━━━ Given material

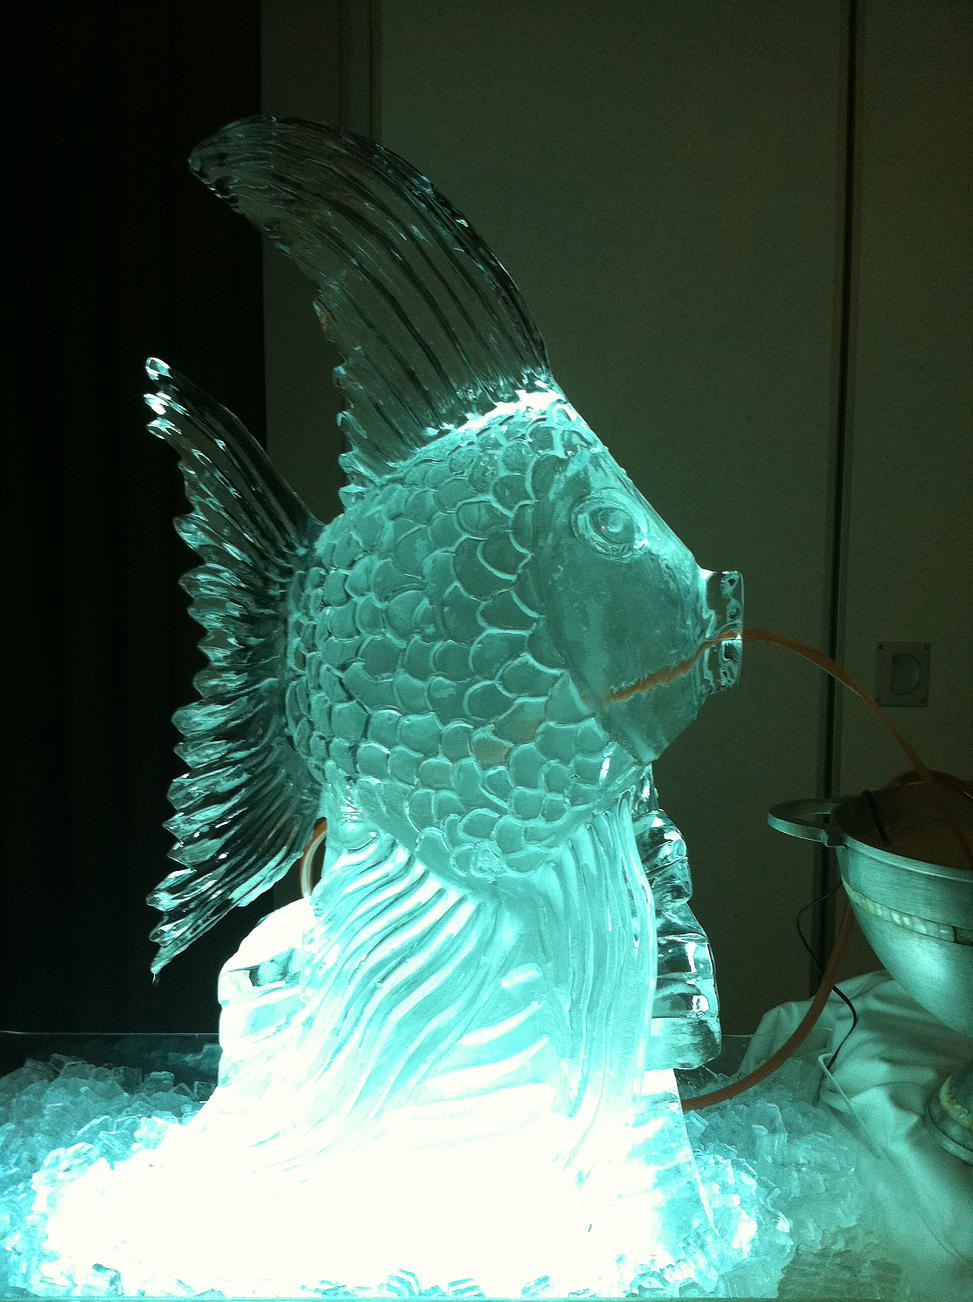 Angel fish ice sculpture
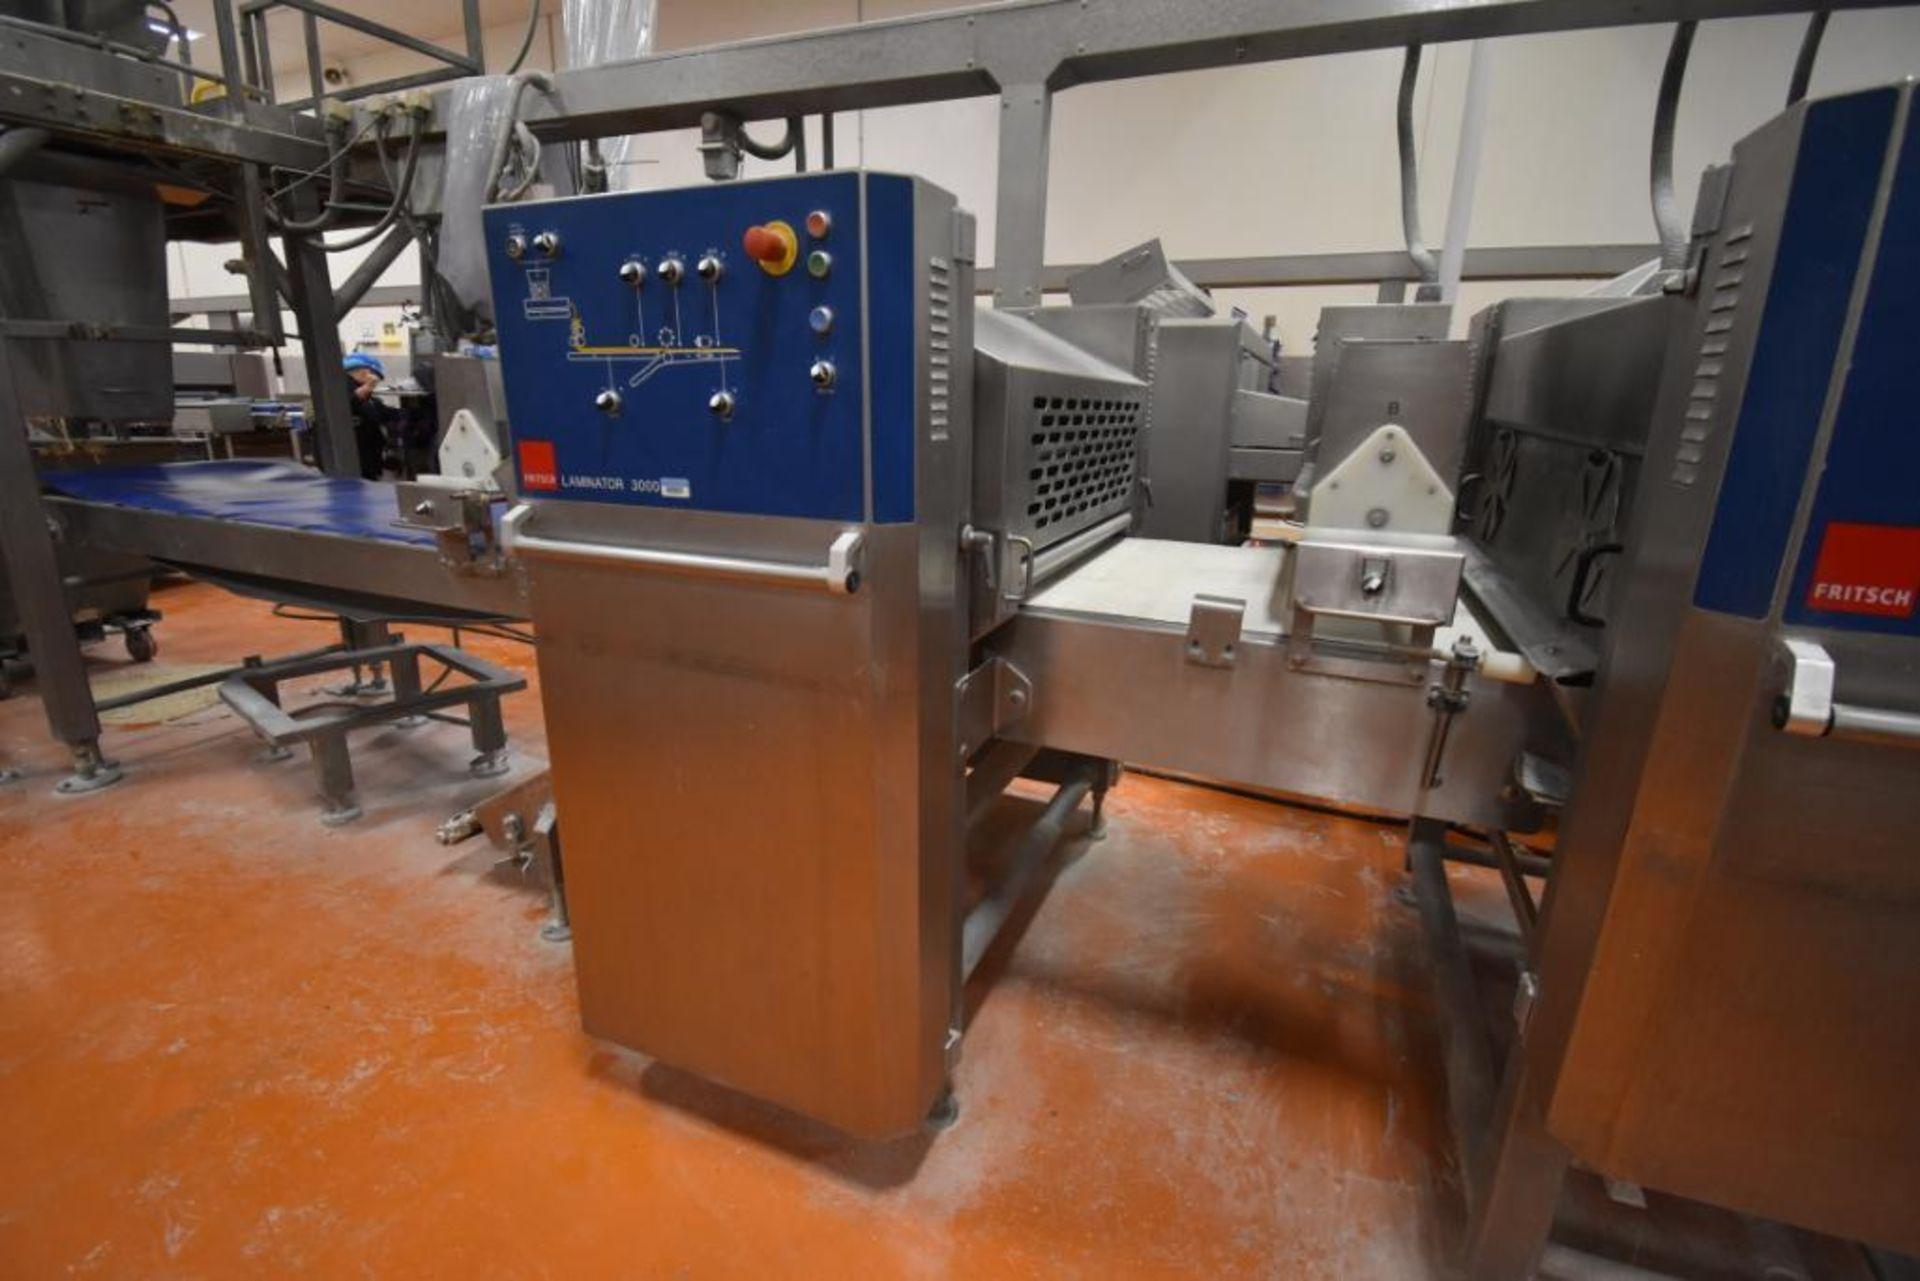 2007 Fritsch Laminator 3000 dough line - Image 63 of 280
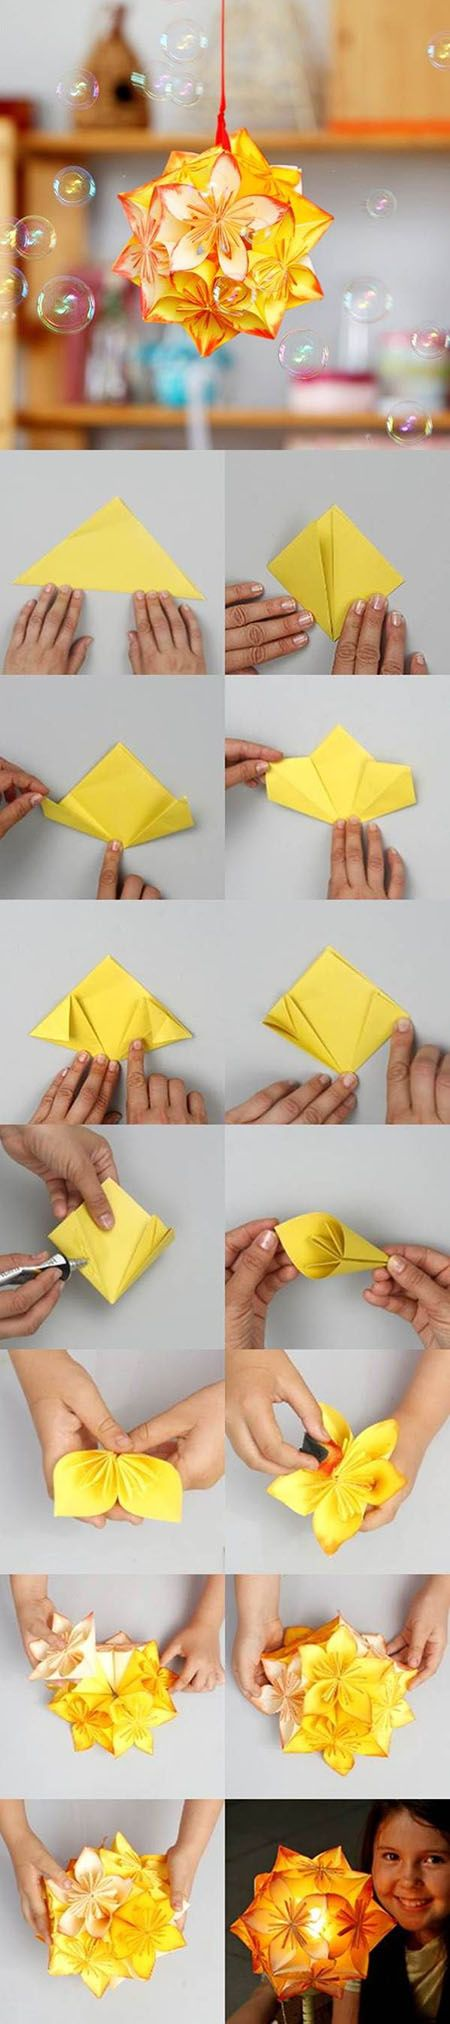 DIY Origami Kusudama Decoration | DIY & Crafts Tutorials
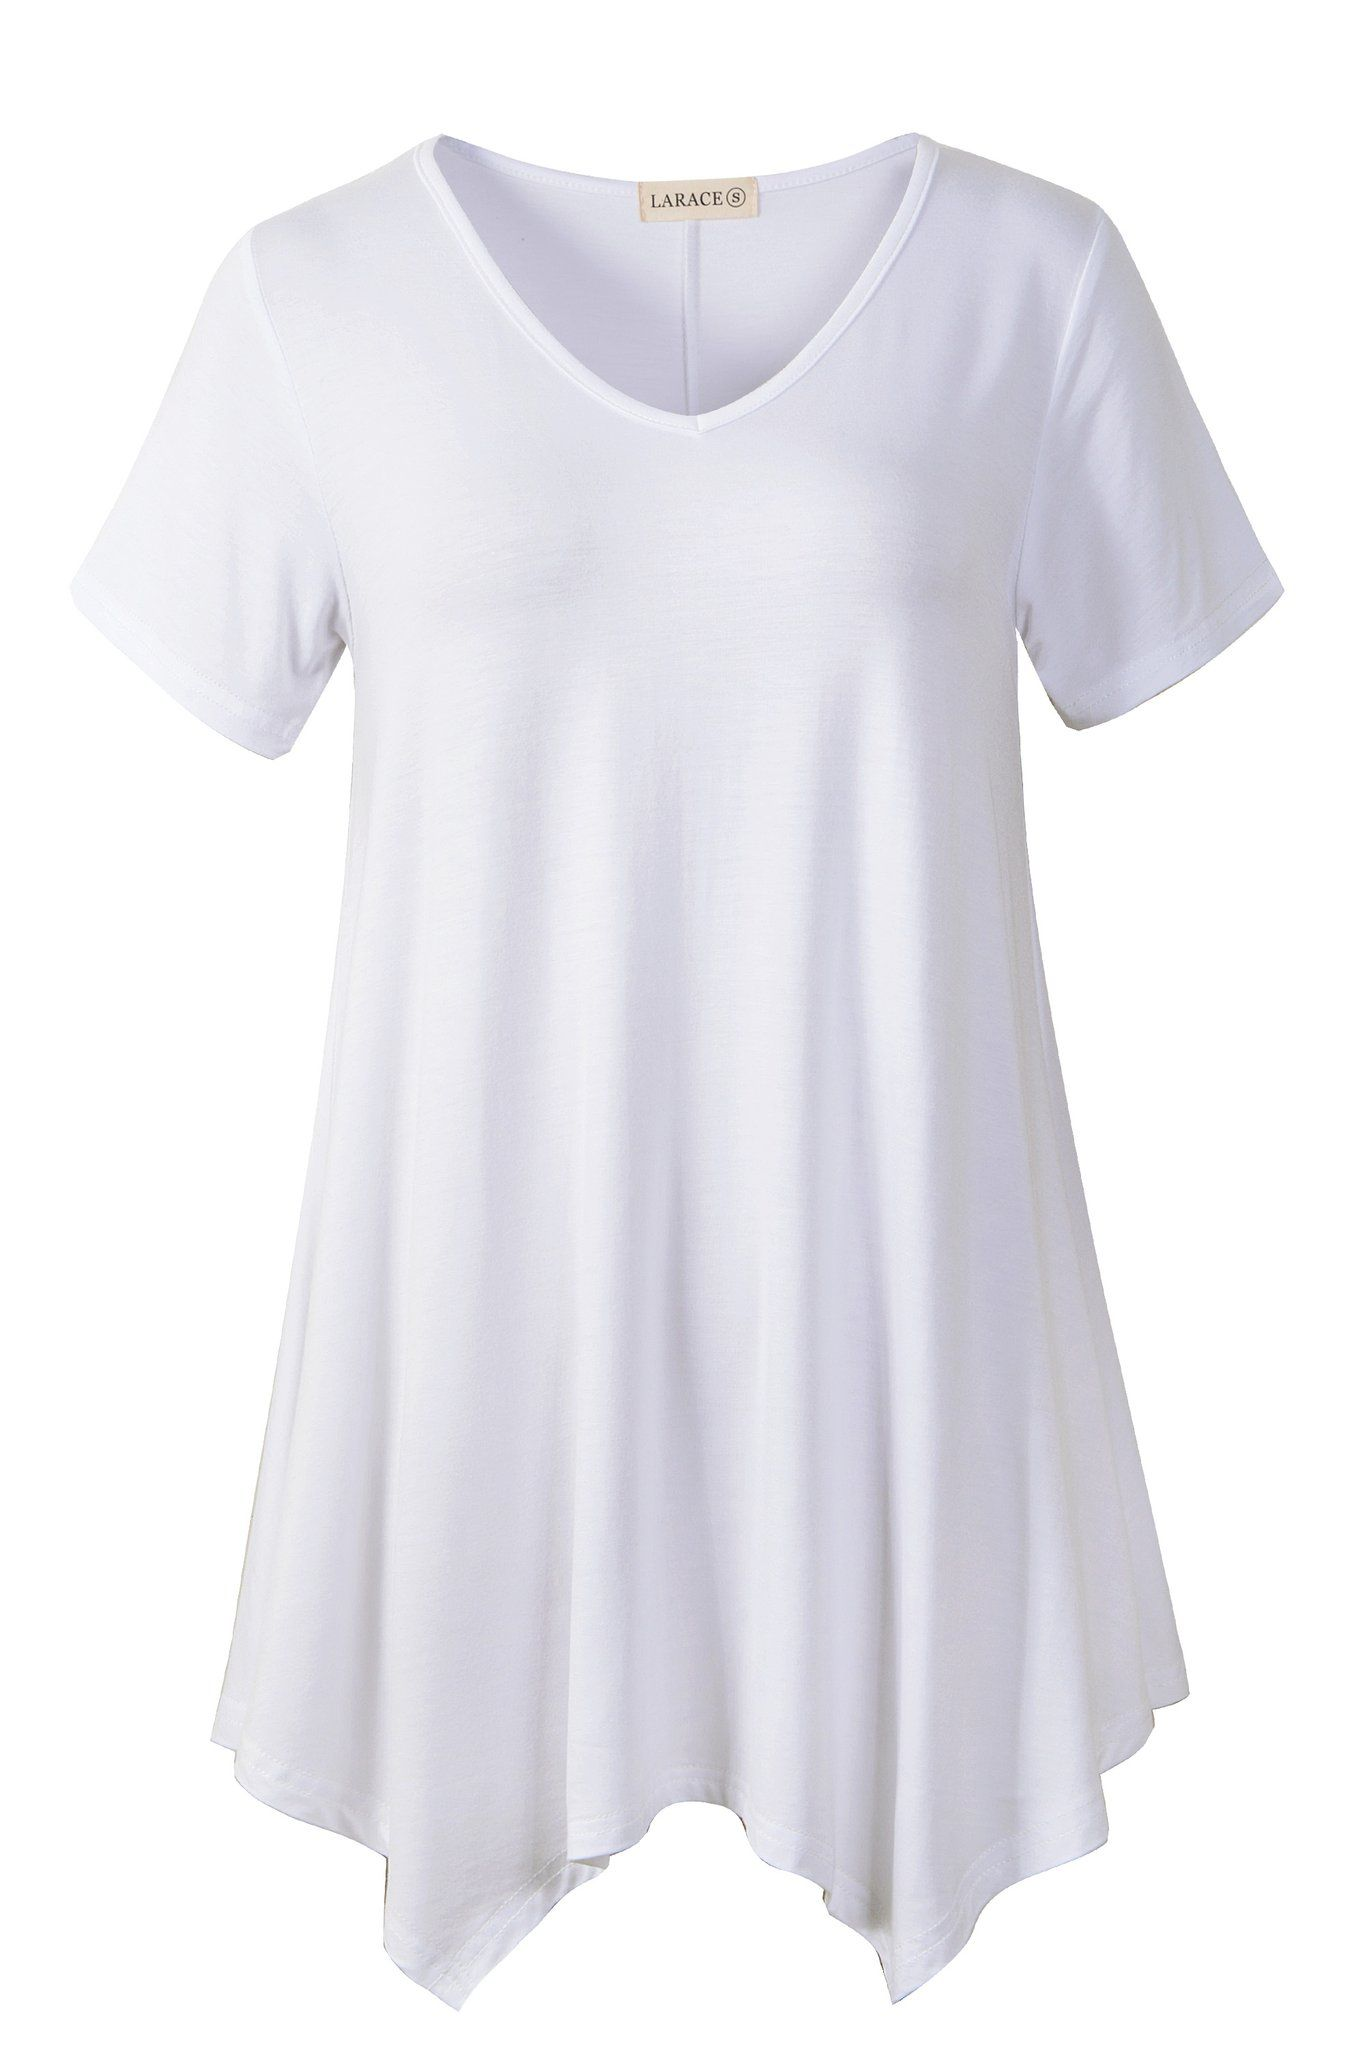 06fa9db6 Casual T Shirt V-Neck Tunic Tops for Leggings | CHEAP WHOLESALE ...

━━━━━━

Each line from the line containing "DIY Origami Kusudama" through the last line above must be written out exactly, and every picture must be omitted.

### Answer to this exercise
 DIY Origami Kusudama Decoration | DIY & Crafts Tutorials
 06fa9db6 Casual T Shirt V-Neck Tunic Tops for Leggings | CHEAP WHOLESALE ...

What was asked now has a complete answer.